__WORK REQUEST__
The response should consist of the data below, copied exactly, with no pictures in it.

__SUPPLIED MATERIAL__
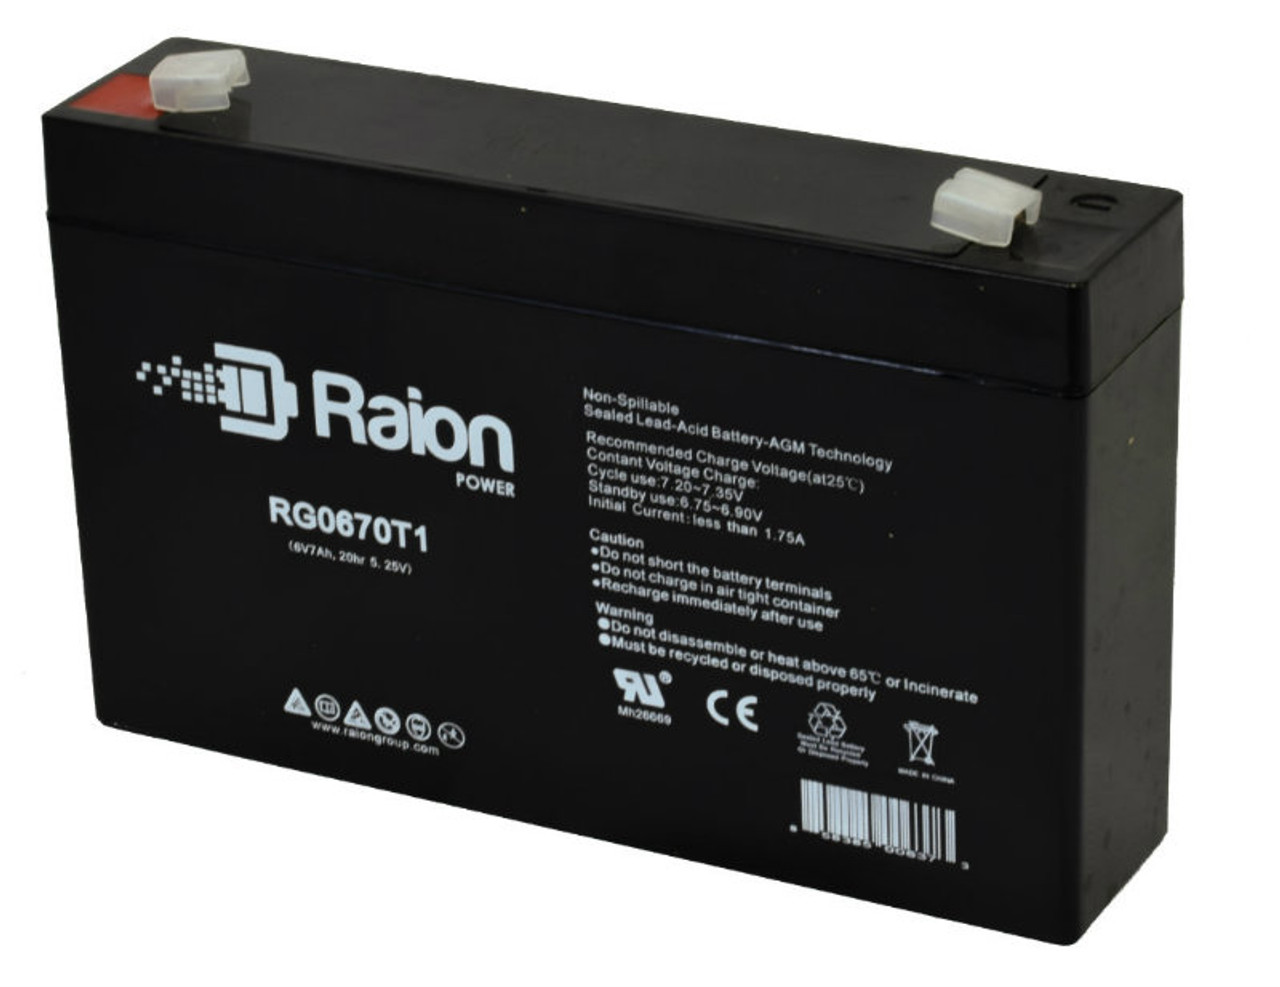 Raion Power RG0670T1 Replacement Battery for Sonnenschein 6V6AH OEM Battery
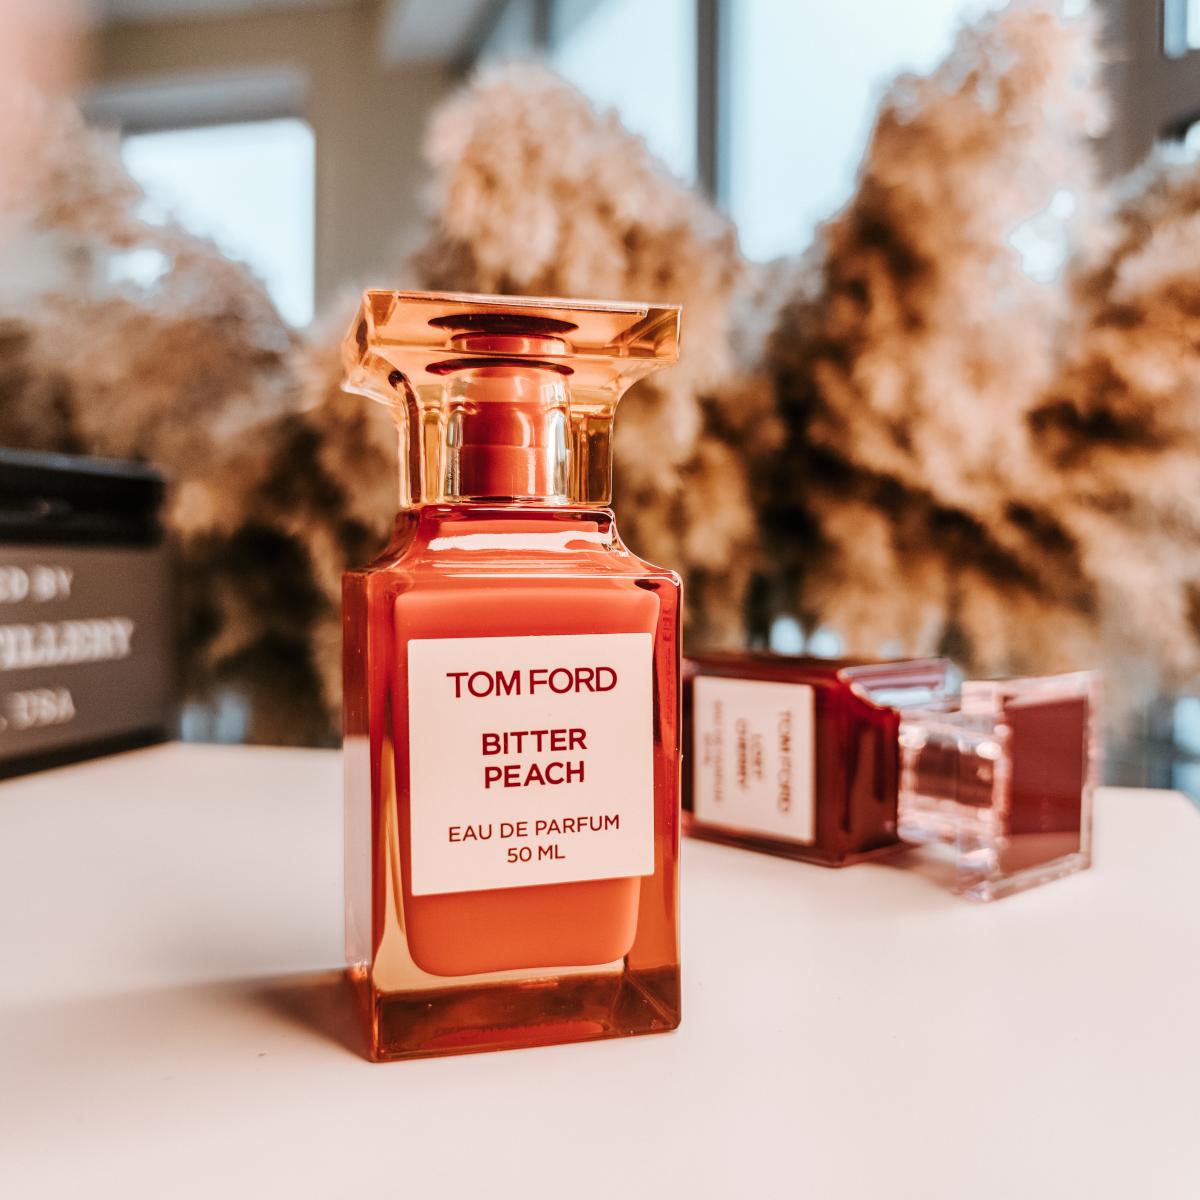 Bitter Peach Tom Ford perfume - a new fragrance for women and men 2020
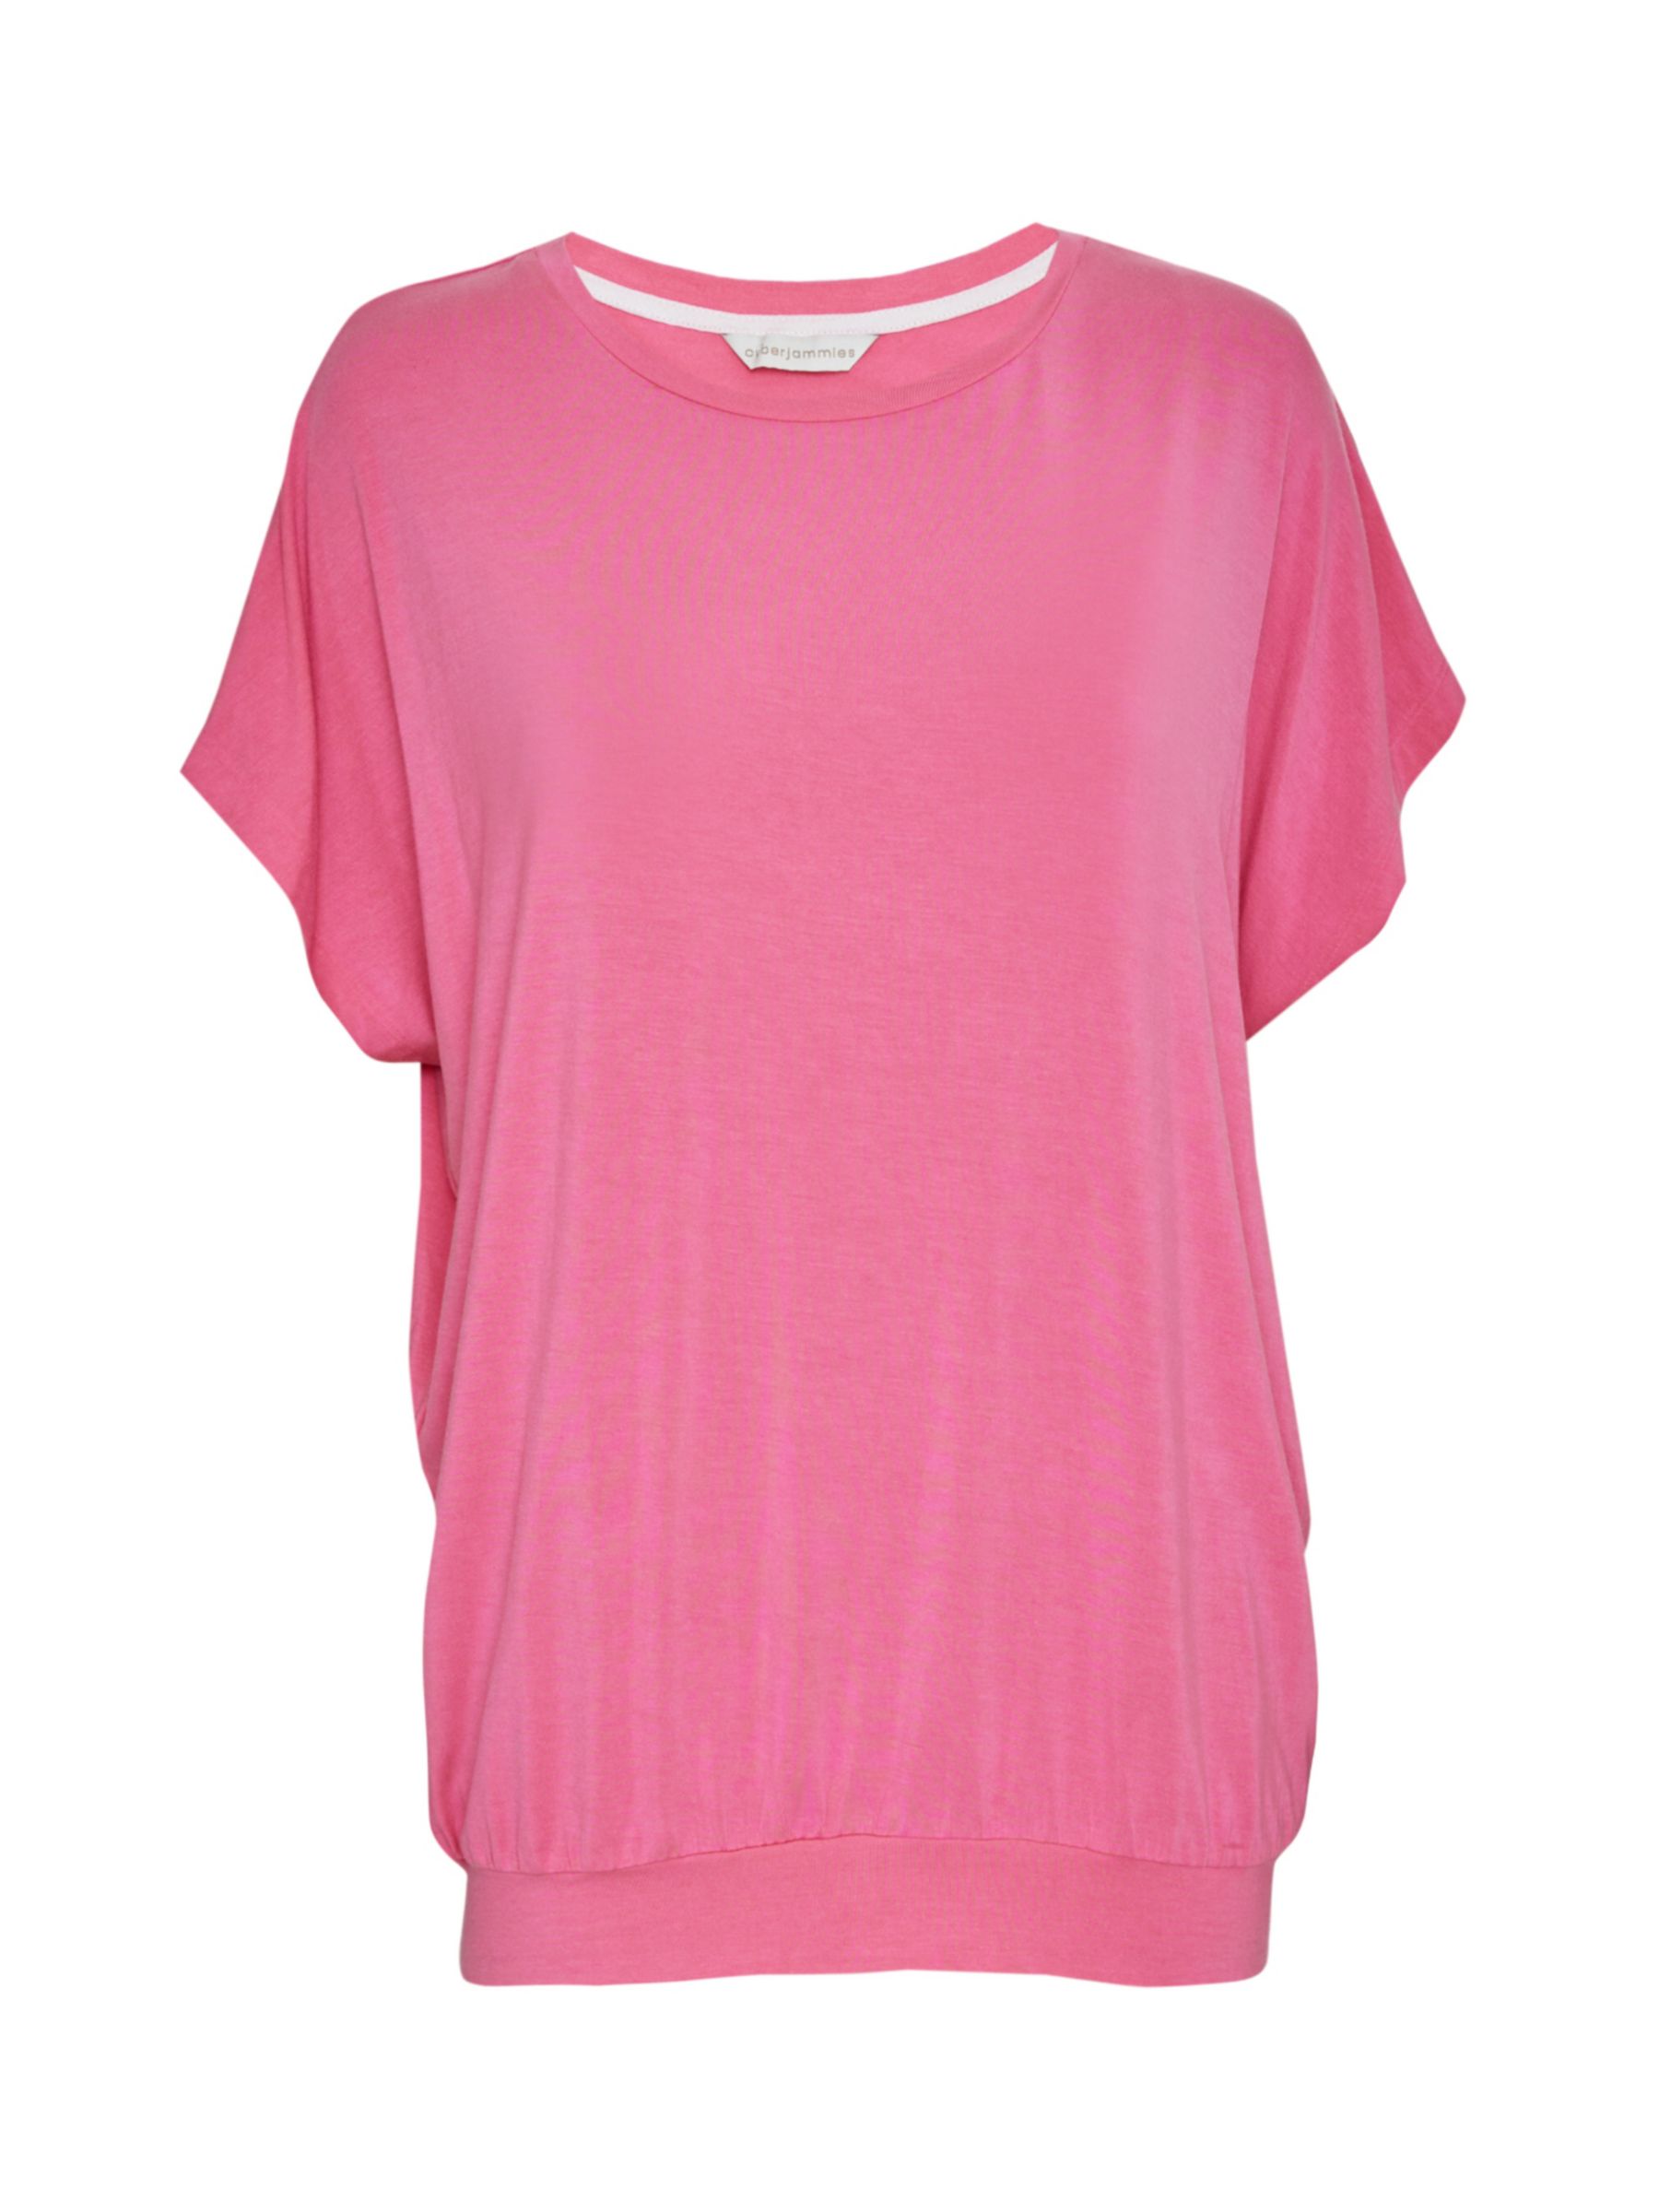 Buy Cyberjammies Shelly Jersey Slouch Pyjama Top, Pink Online at johnlewis.com

__SOLUTION__
 Raion Power RG0670T1 Replacement Battery for Sonnenschein 6V6AH OEM Battery
 Bitter Peach Tom Ford perfume - a new fragrance for women and men 2020
 Buy Cyberjammies Shelly Jersey Slouch Pyjama Top, Pink Online at johnlewis.com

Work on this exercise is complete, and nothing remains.